Material provided START

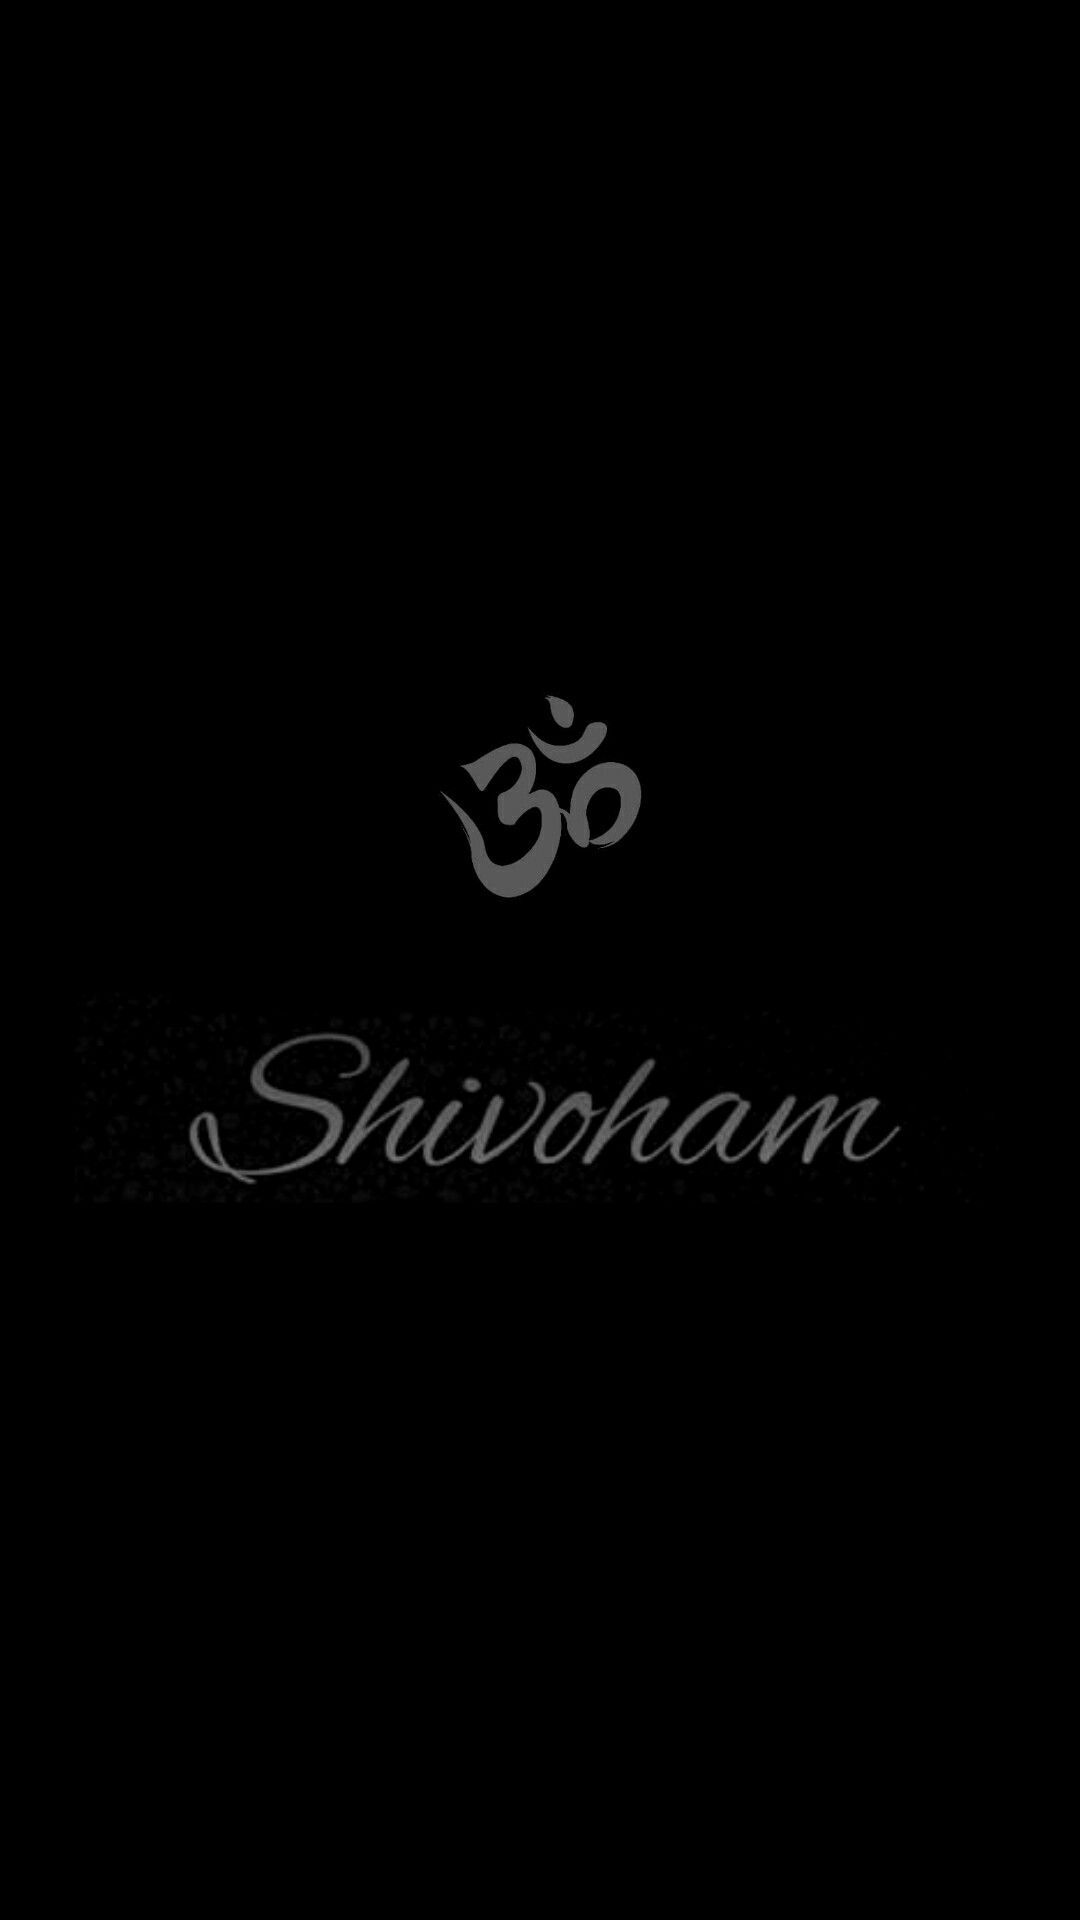 Om Shivoham. Rudra shiva, Lord murugan, Shiva lord
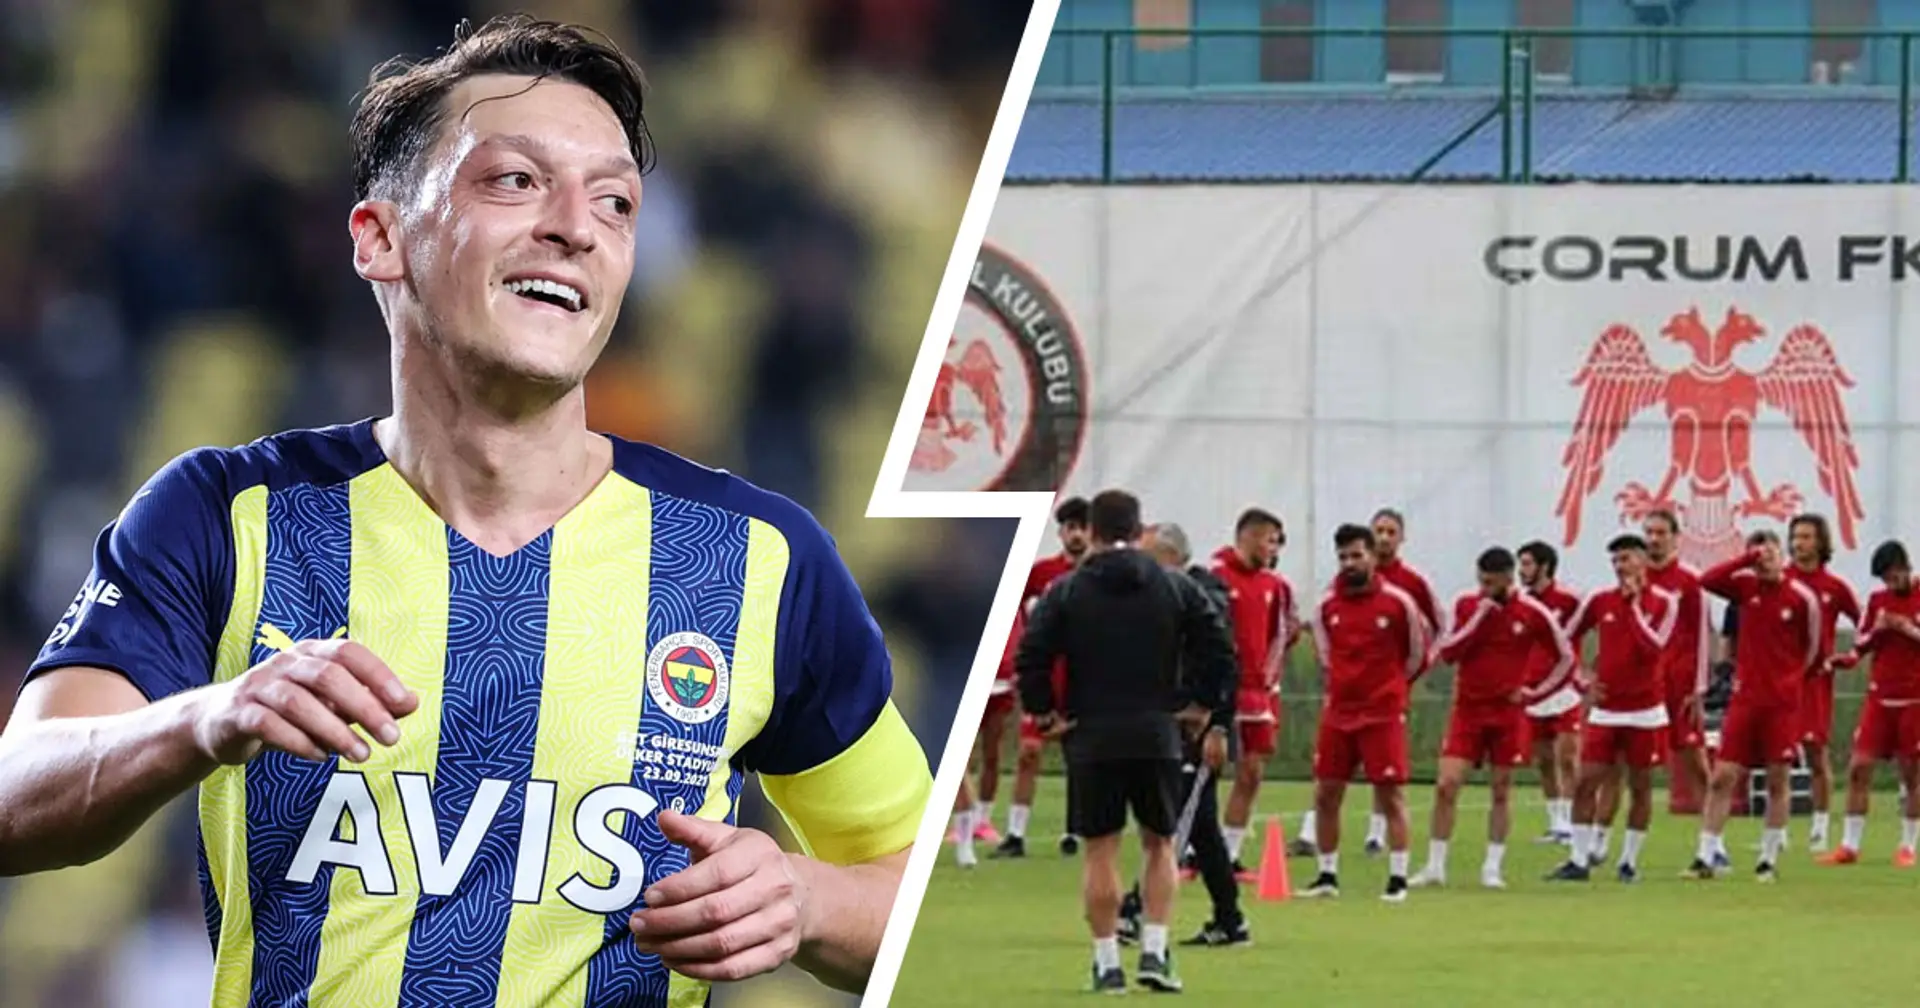 Mesut Ozil 'in advanced talks' to buy Turkey third division club Corum FK for £1m
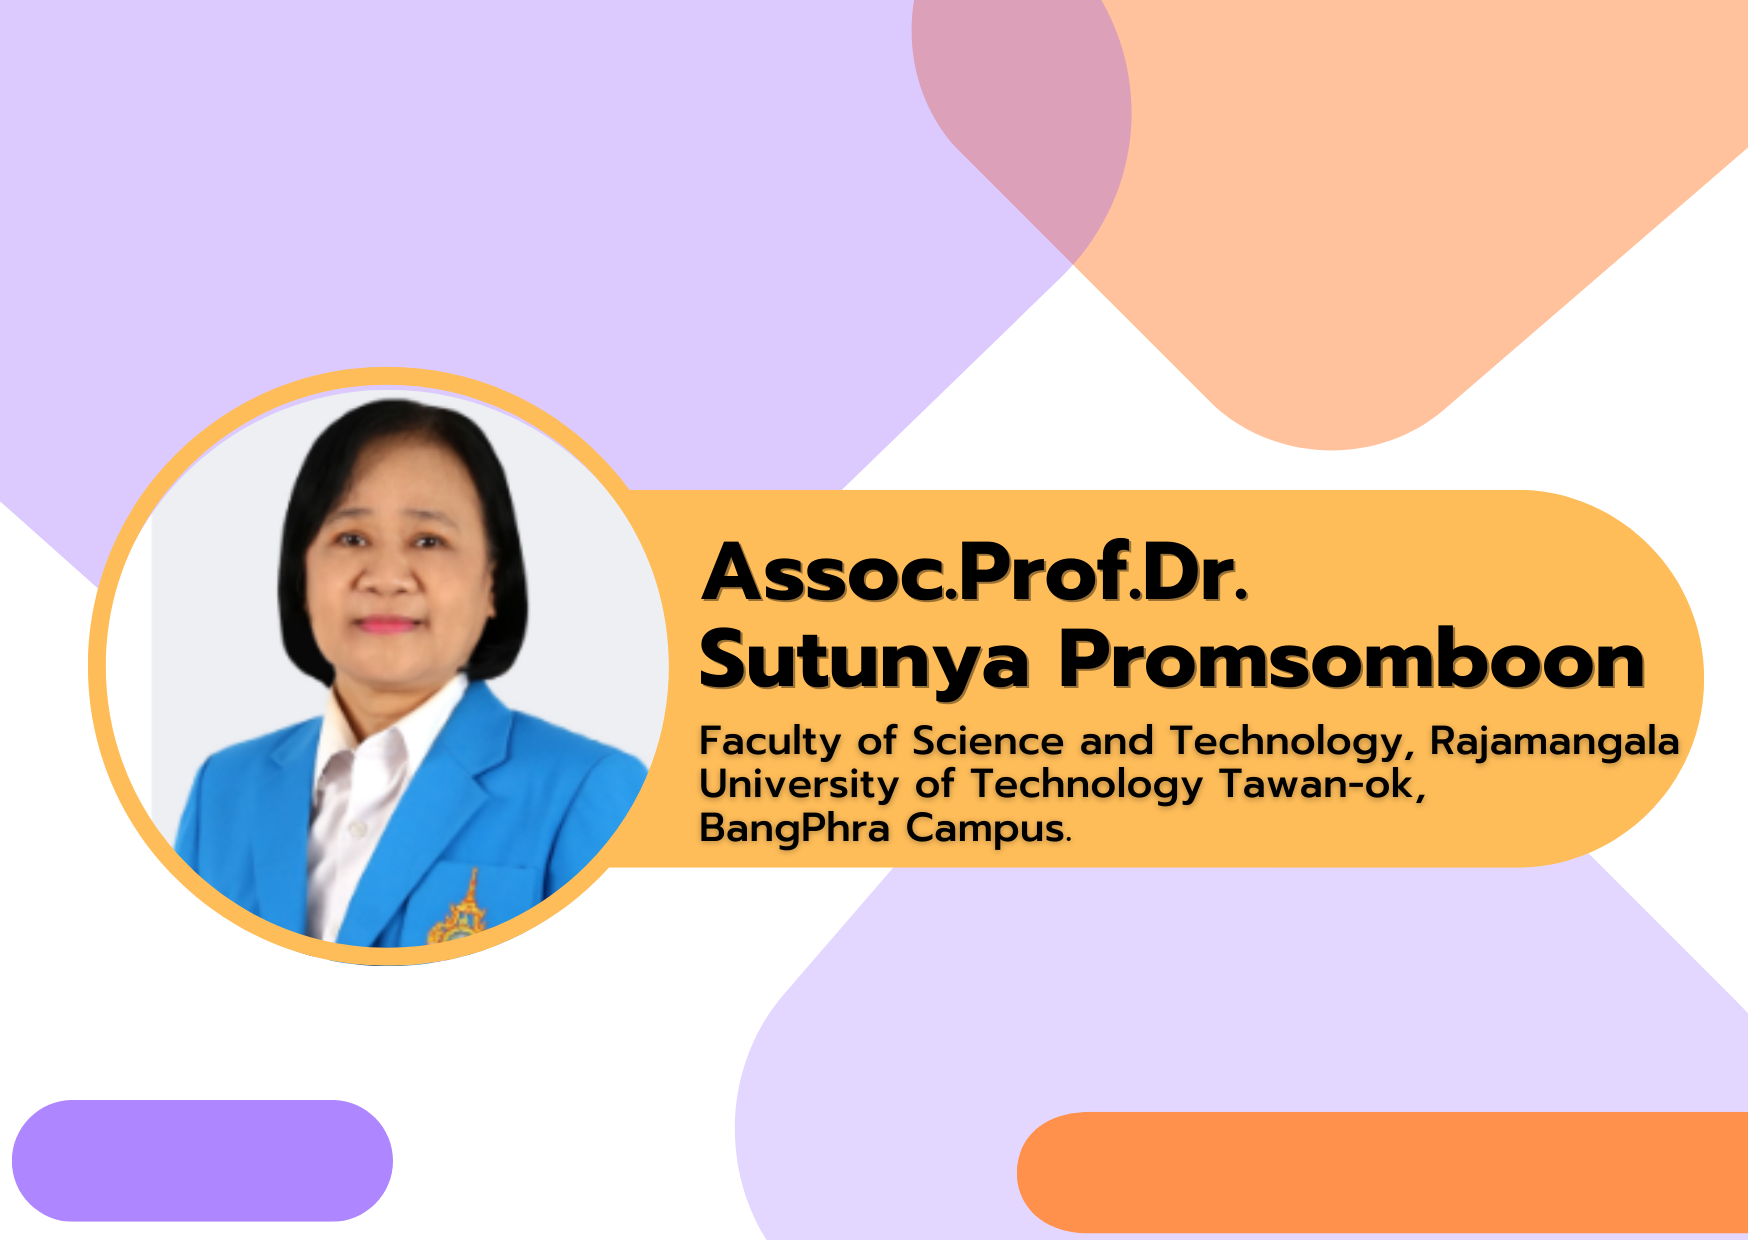 Assoc.Prof.Dr. Sutunya Promsomboon
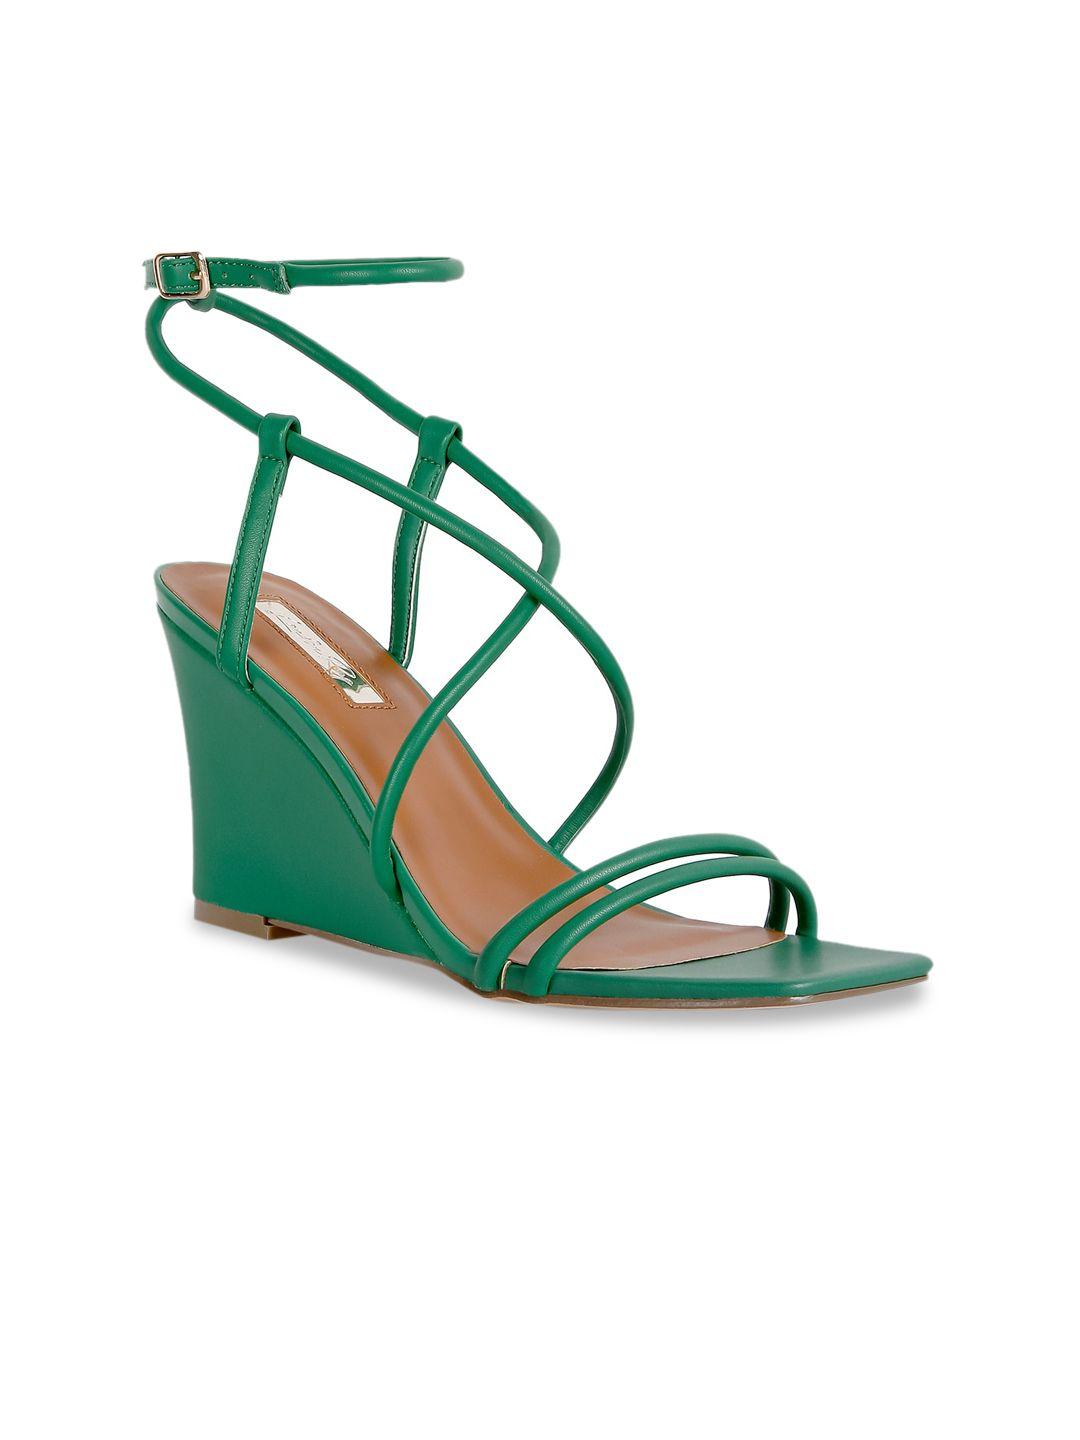 london rag green ankle strap wedge heels

Material provided END

The answer must be the full listing retyped exactly, with no pictures in it.

 Om Shivoham. Rudra shiva, Lord murugan, Shiva lord
 Mesut Ozil 'in advanced talks' to buy Turkey third division club Corum FK for £1m
 Assoc.Prof.Dr. Sutunya Promsomboon
 london rag green ankle strap wedge heels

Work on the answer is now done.